Write out the line with "prensa plegadora 110" and every later line through the end of the data below, exactly as given, with no pictures in the copy.

• **Information supplied**
━━━━━━

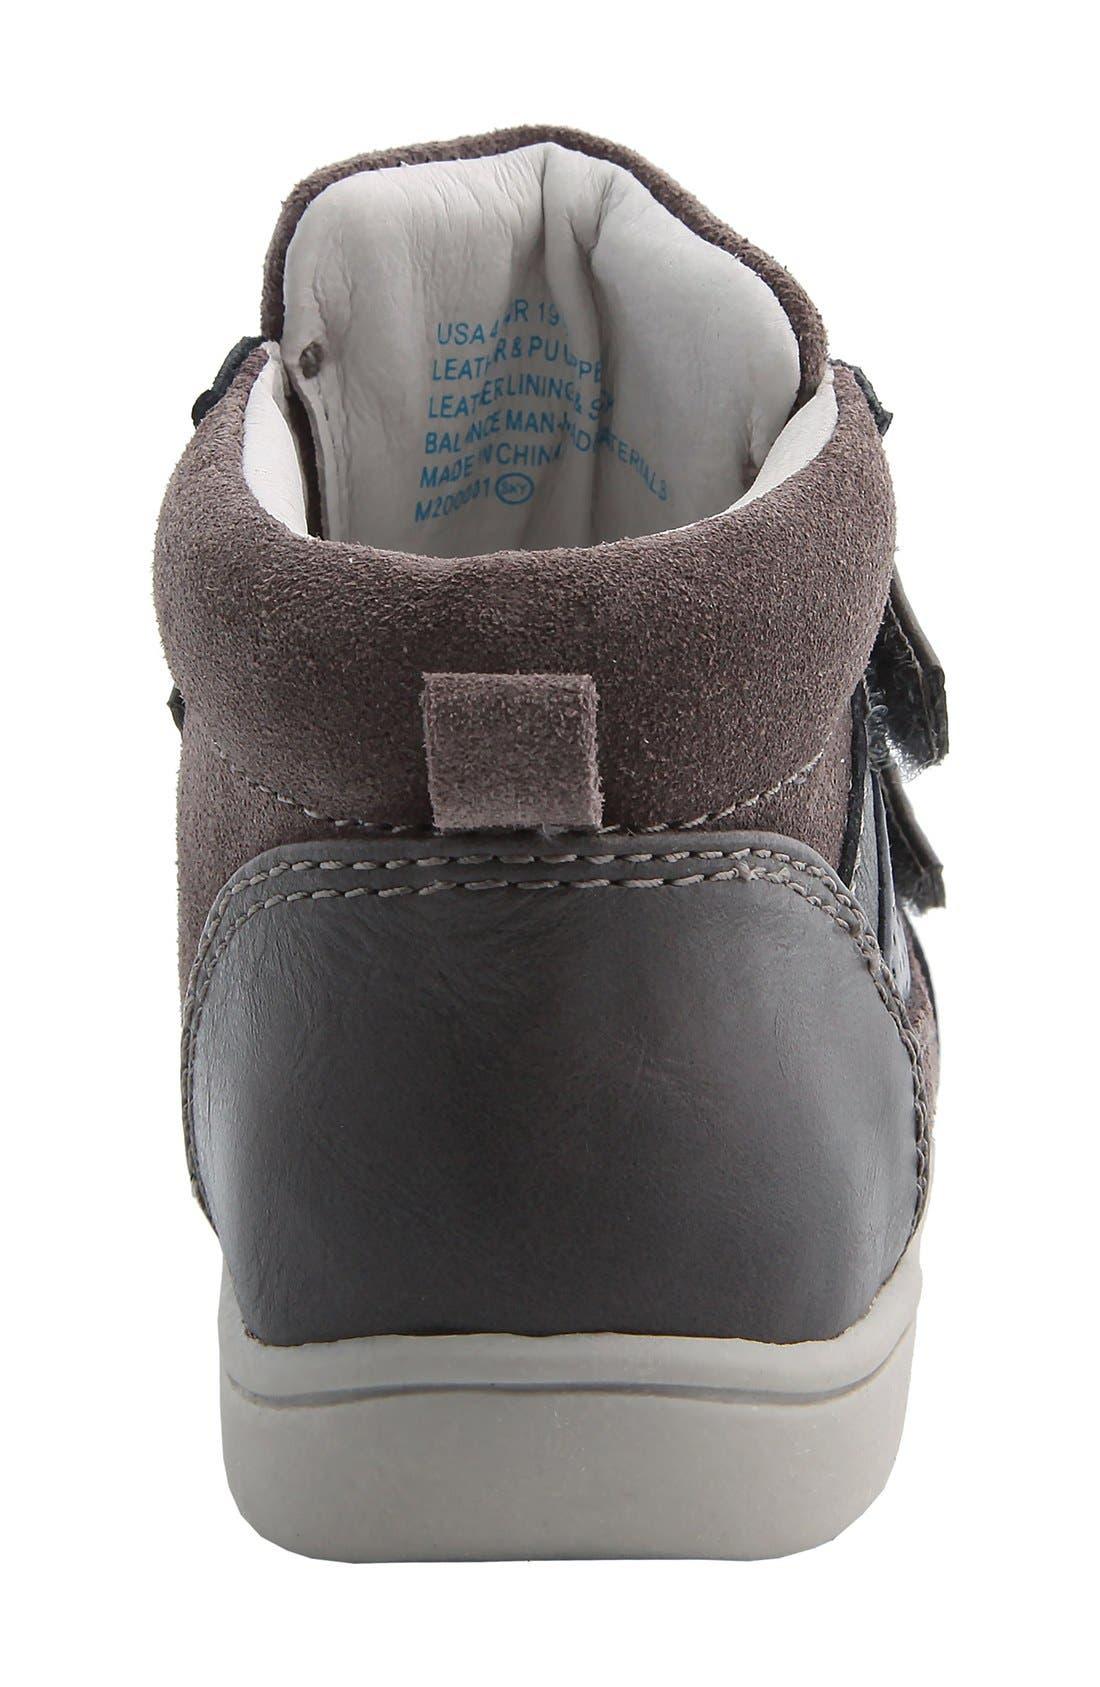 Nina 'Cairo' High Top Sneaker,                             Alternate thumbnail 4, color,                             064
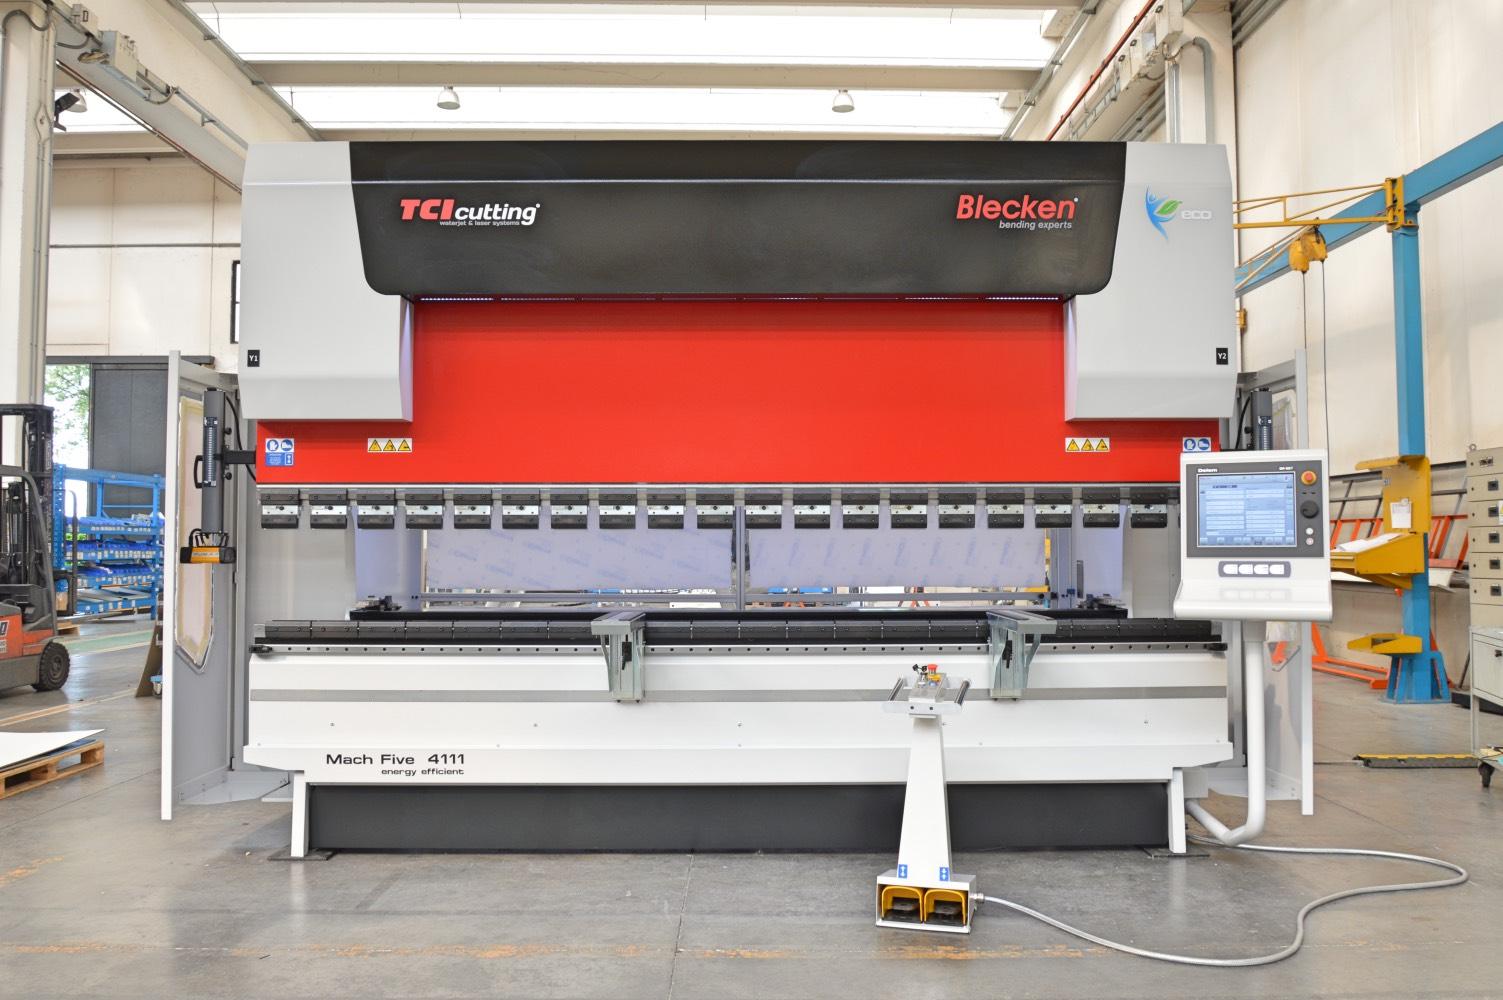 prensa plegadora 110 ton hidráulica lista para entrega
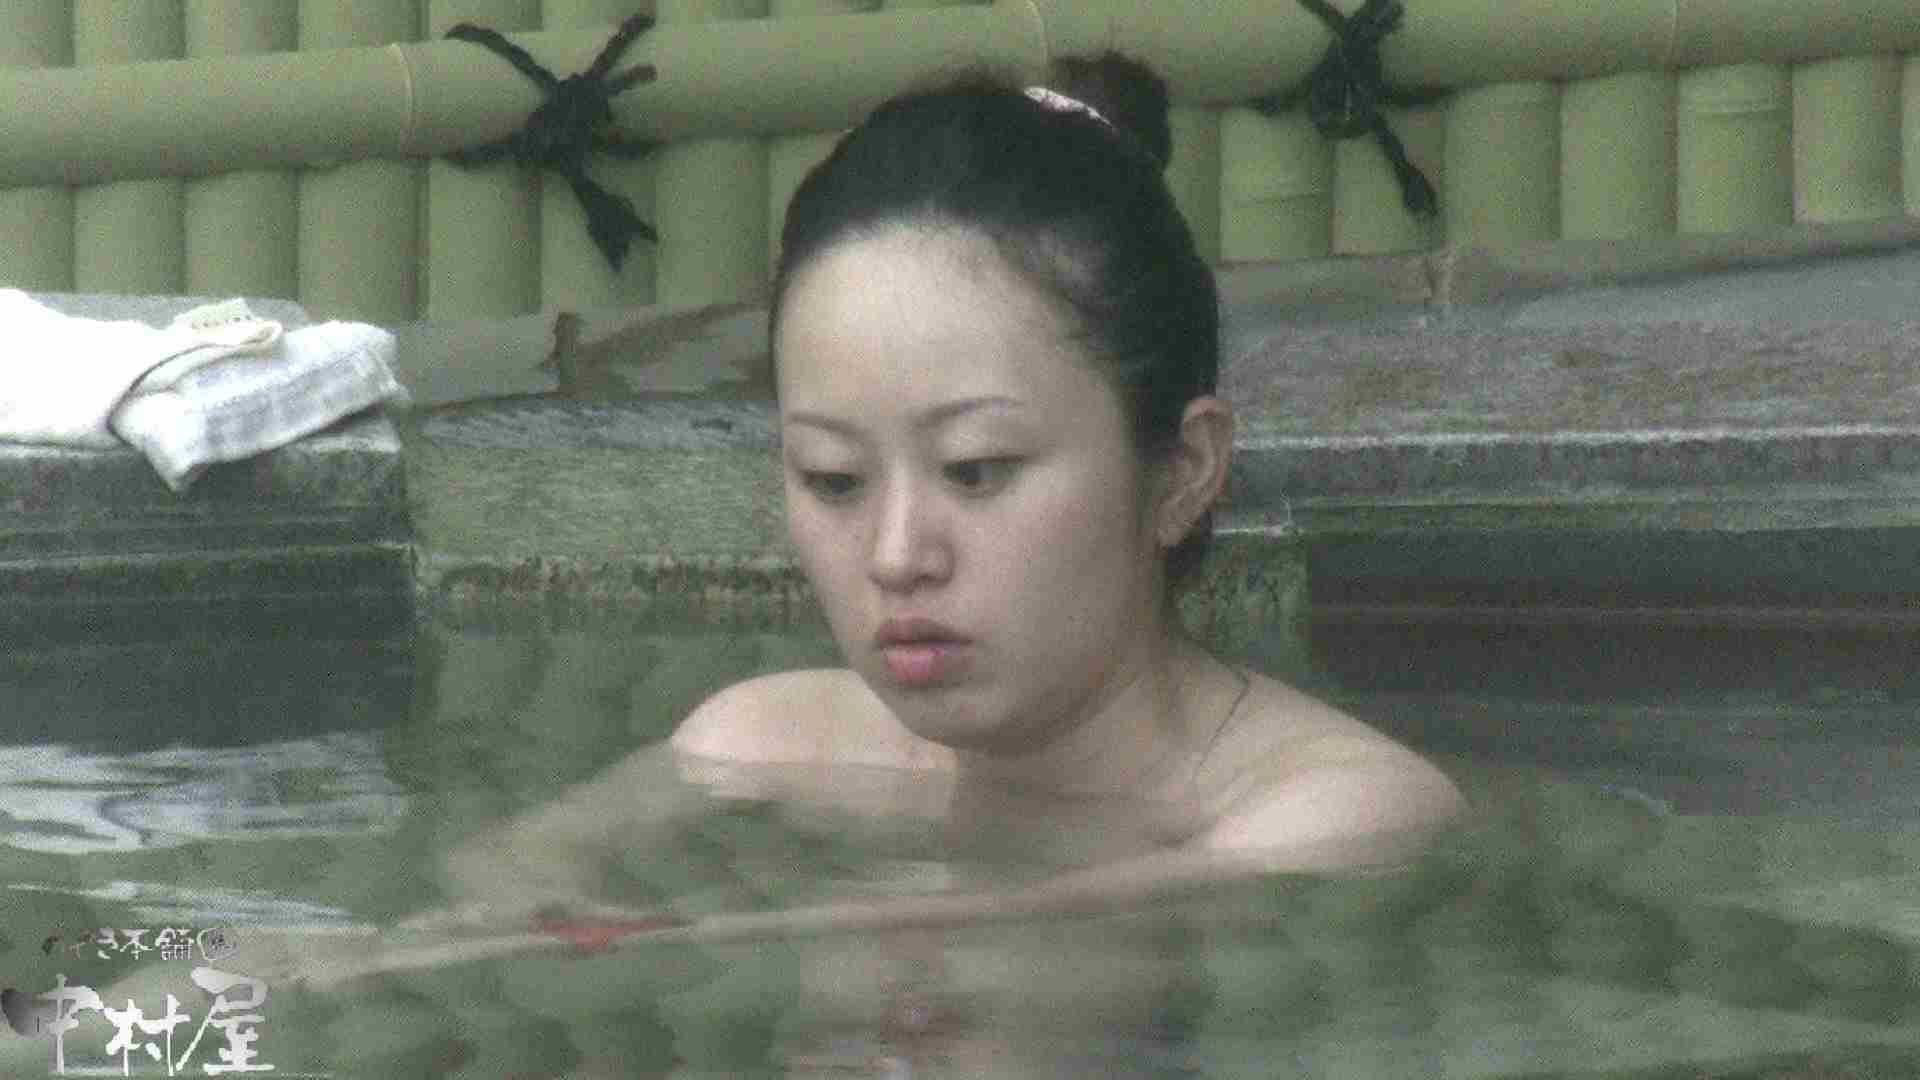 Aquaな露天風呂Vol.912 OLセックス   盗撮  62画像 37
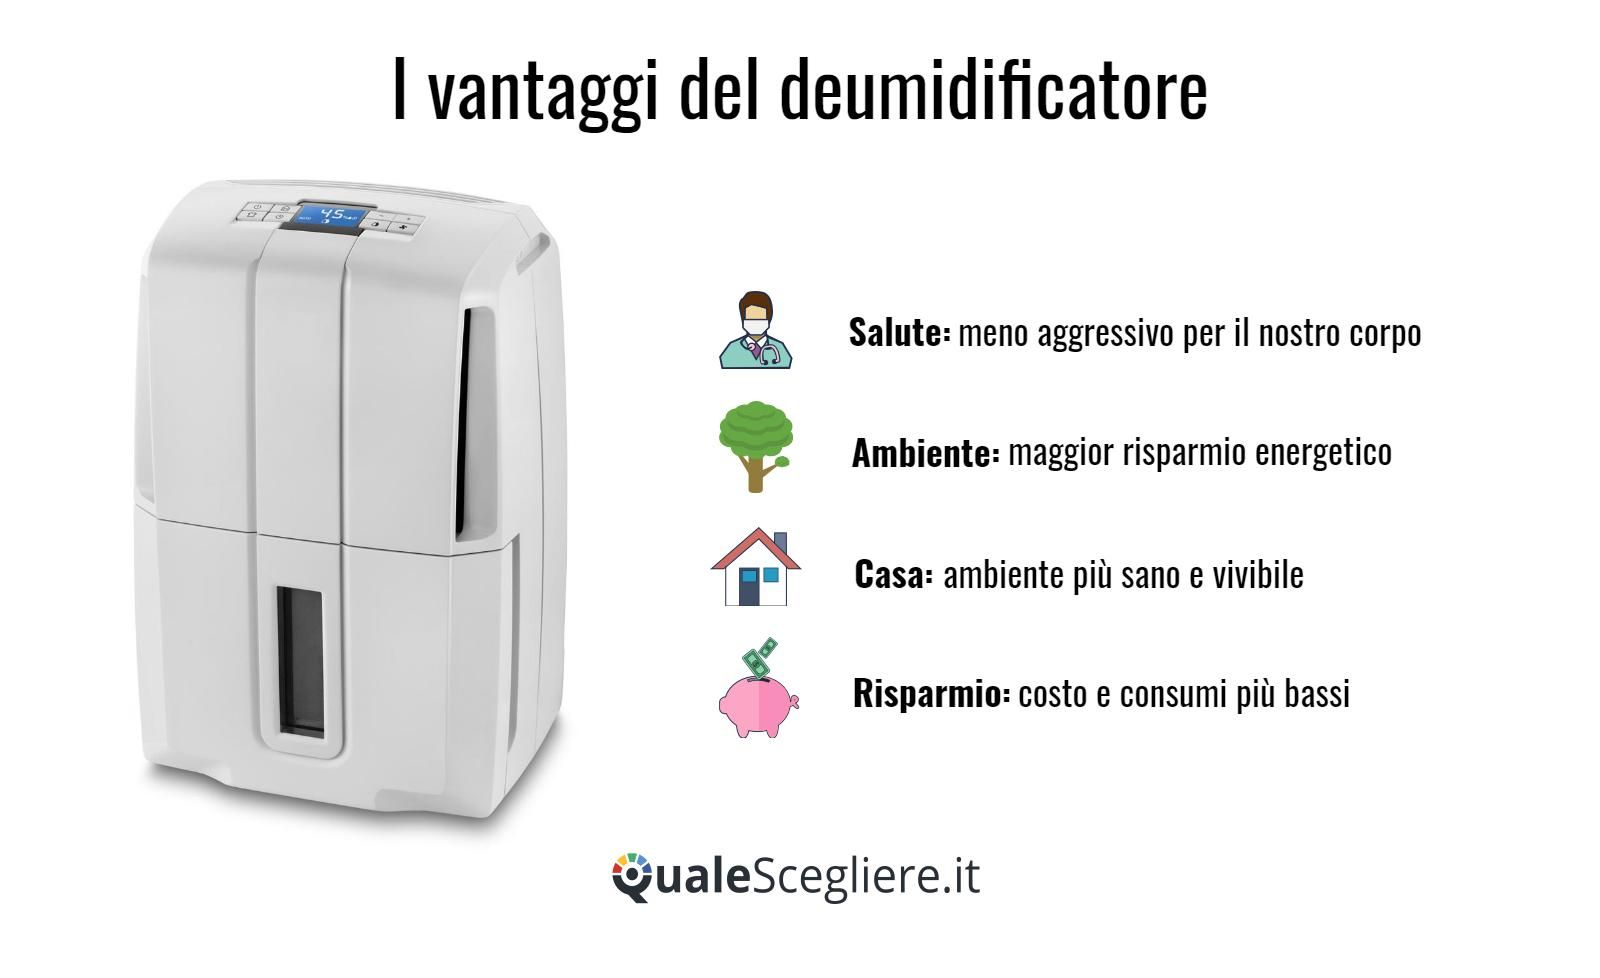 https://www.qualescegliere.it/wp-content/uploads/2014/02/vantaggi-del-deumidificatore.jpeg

━━━━━━

• **Task solution**
 prensa plegadora 110 ton hidráulica lista para entrega
 Aquaな露天風呂Vol.912 OLセックス   盗撮  62画像 37
 https://www.qualescegliere.it/wp-content/uploads/2014/02/vantaggi-del-deumidificatore.jpeg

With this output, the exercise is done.